• [TASK DESCRIPTION]:
From the line holding "Bittersweet by Sarina" through the line holding "VILEDA MicroTwist Mop" below, write out every line exactly; include both of those lines and drop the pictures.
#### STUDY MATERIAL
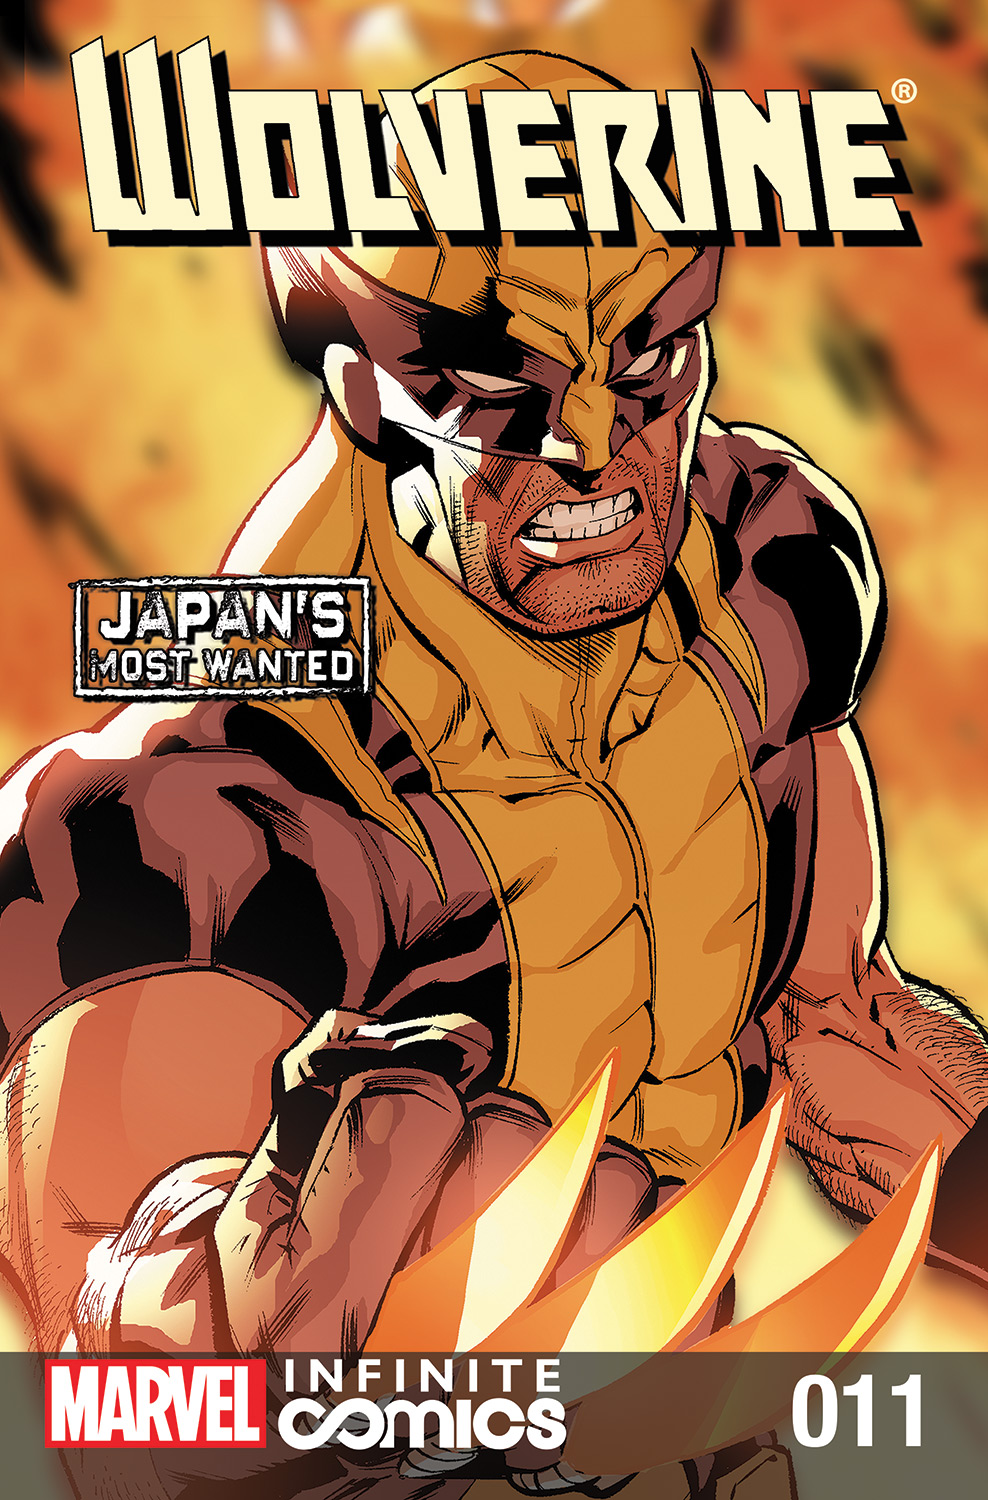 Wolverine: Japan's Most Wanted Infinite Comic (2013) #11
########
#### STUDY MATERIAL
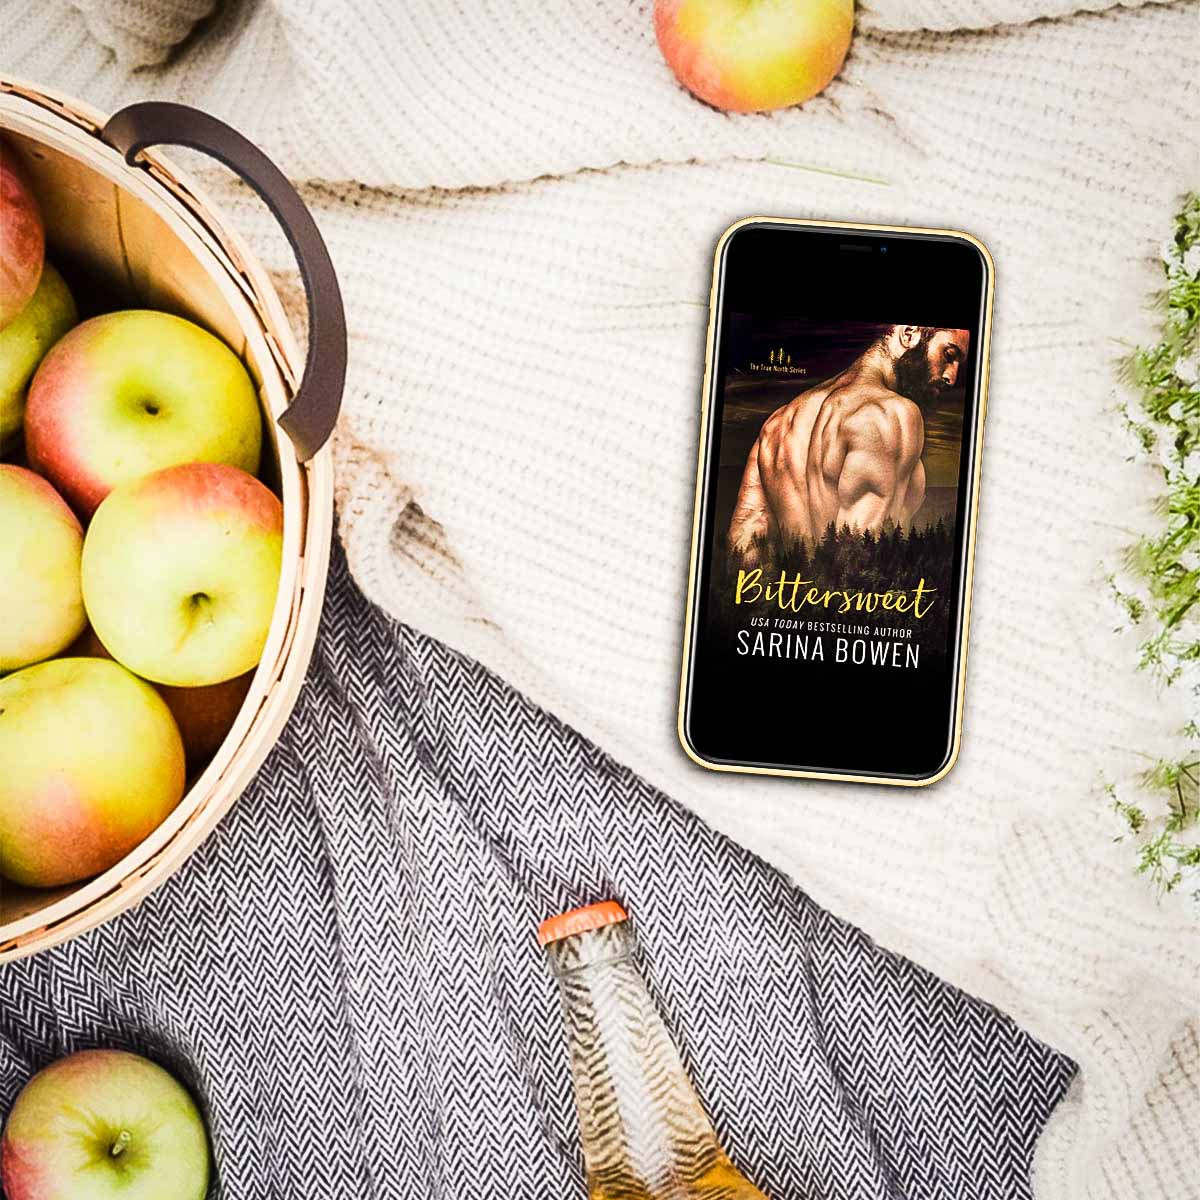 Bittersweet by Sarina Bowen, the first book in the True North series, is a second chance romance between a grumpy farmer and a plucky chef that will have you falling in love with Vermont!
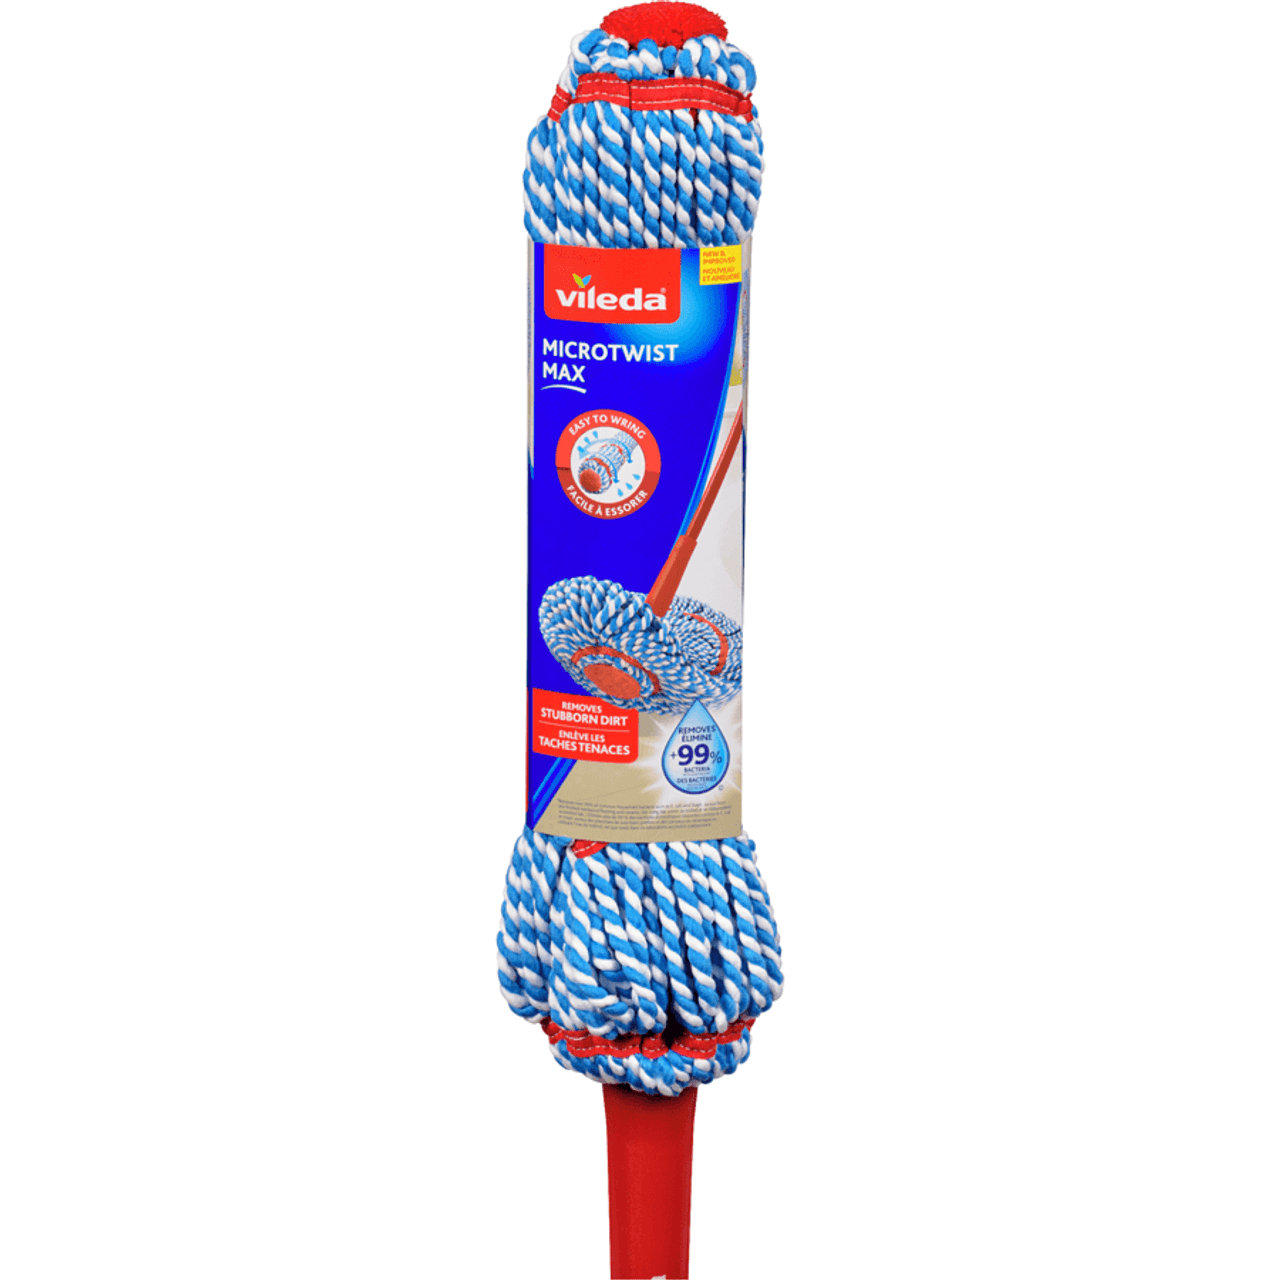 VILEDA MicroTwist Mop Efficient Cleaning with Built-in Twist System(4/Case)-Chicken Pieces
########
• [EXERCISE ANSWER]:
 Bittersweet by Sarina Bowen, the first book in the True North series, is a second chance romance between a grumpy farmer and a plucky chef that will have you falling in love with Vermont!
 VILEDA MicroTwist Mop Efficient Cleaning with Built-in Twist System(4/Case)-Chicken Pieces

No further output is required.